Silver Valley/Lucky Friday - The Gap drilling program, which tests the mineralized structure above the current mine resource at Lucky Friday, is being evaluated. All seven holes have intersected multiple vein zones and assay results from this drilling are still pending. An analysis of this program is expected to be completed by the end of the third quarter.

Elsewhere in northern Idaho's Silver Valley, the three-dimensional (3D) modeling and resource assessment has defined nine new, separate target areas for expansion of known mineralization. Baker said, "These targets are what we expected when we combined more than 100 years of historical data with 3D computer exploration techniques. It's now possible that these new target areas could be incorporated into next year's drilling program."

At Lucky Friday, exploration drilling off the 5900 level (where mining is currently taking place) to the east of the current resource returned significant grades from several intermediate veins. These results show the potential for additional resources to be developed between the 6100 and 6400 levels, east of previous resource boundaries, and indicate the possibility for extending the mining area farther east. The drilling to the west, past a fault that previously limited the resource, has encountered mineralization.

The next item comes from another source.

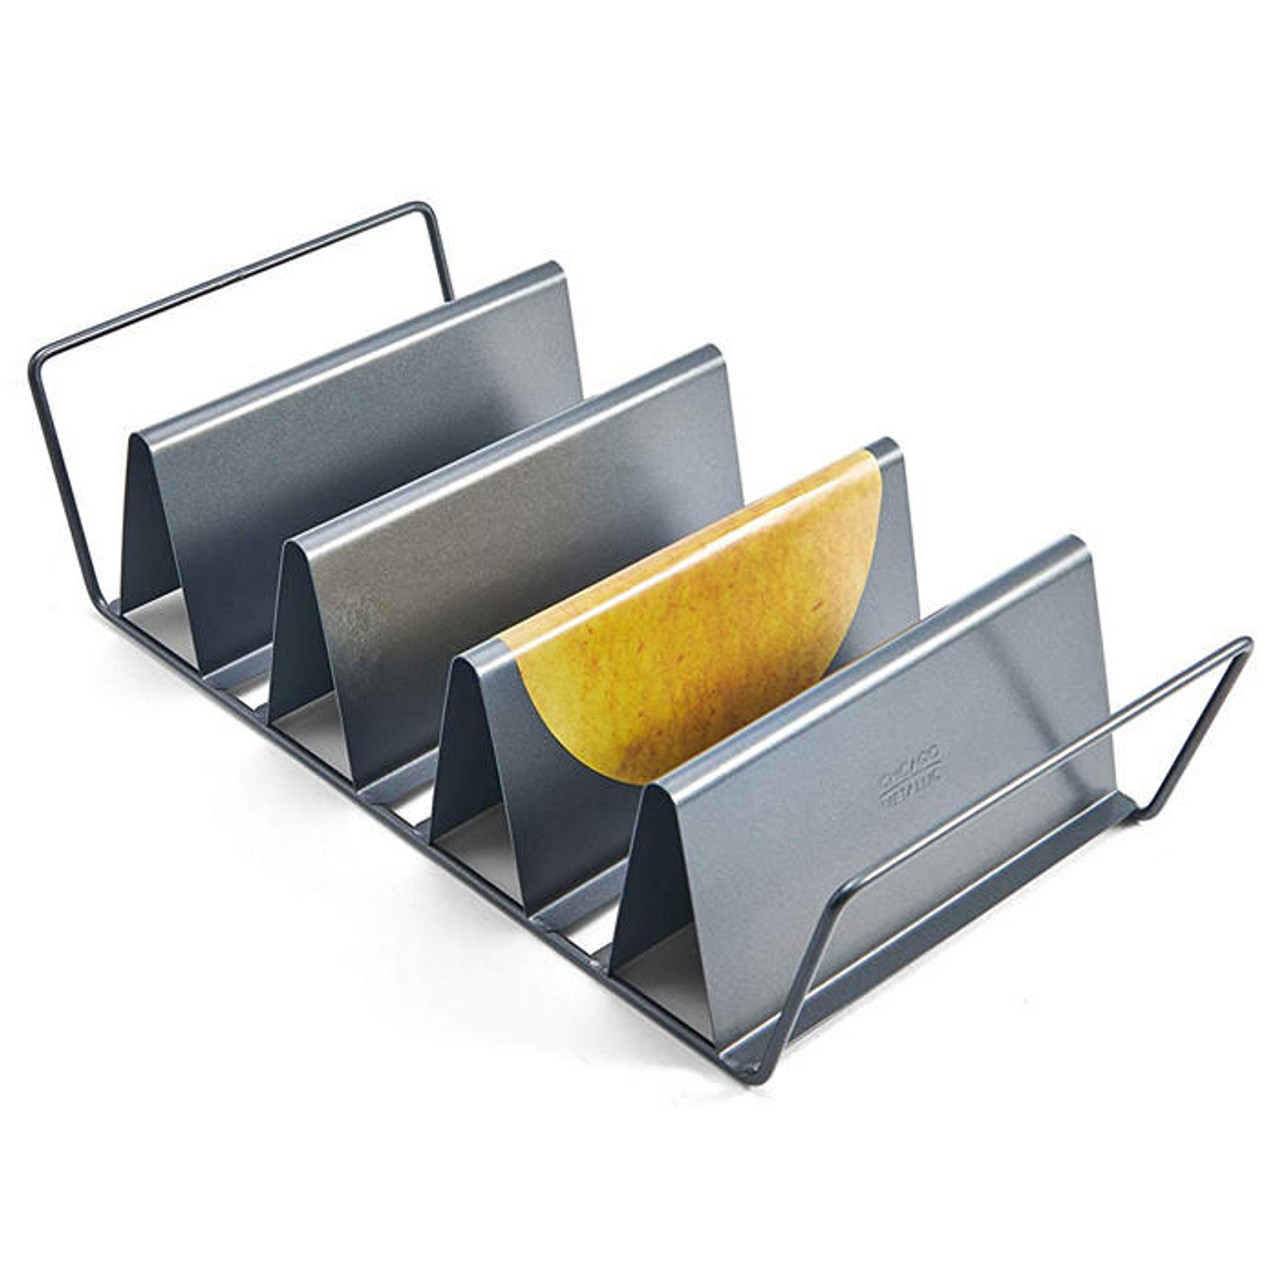 Taco Holder Plates Taco Accessories Taco Shell Mold For Frying Taco Bar  Serving Dishes Stainless Steel Tray With Sauce Bowl

Mexico - Hecla's 500-square-mile San Sebastian land package is located in central Mexico, in the middle of the world's most prolific silver trend. Drilling, surface trenching and sampling are ongoing at this recently expanded property. The highlight of this quarter's exploration program is the identification of the Penascote target area that contains a strongly anomalous silver-in-soil anomaly, similar to the one observed over the past-producing Francine vein. In addition, three new vein systems were discovered northeast of Penascote.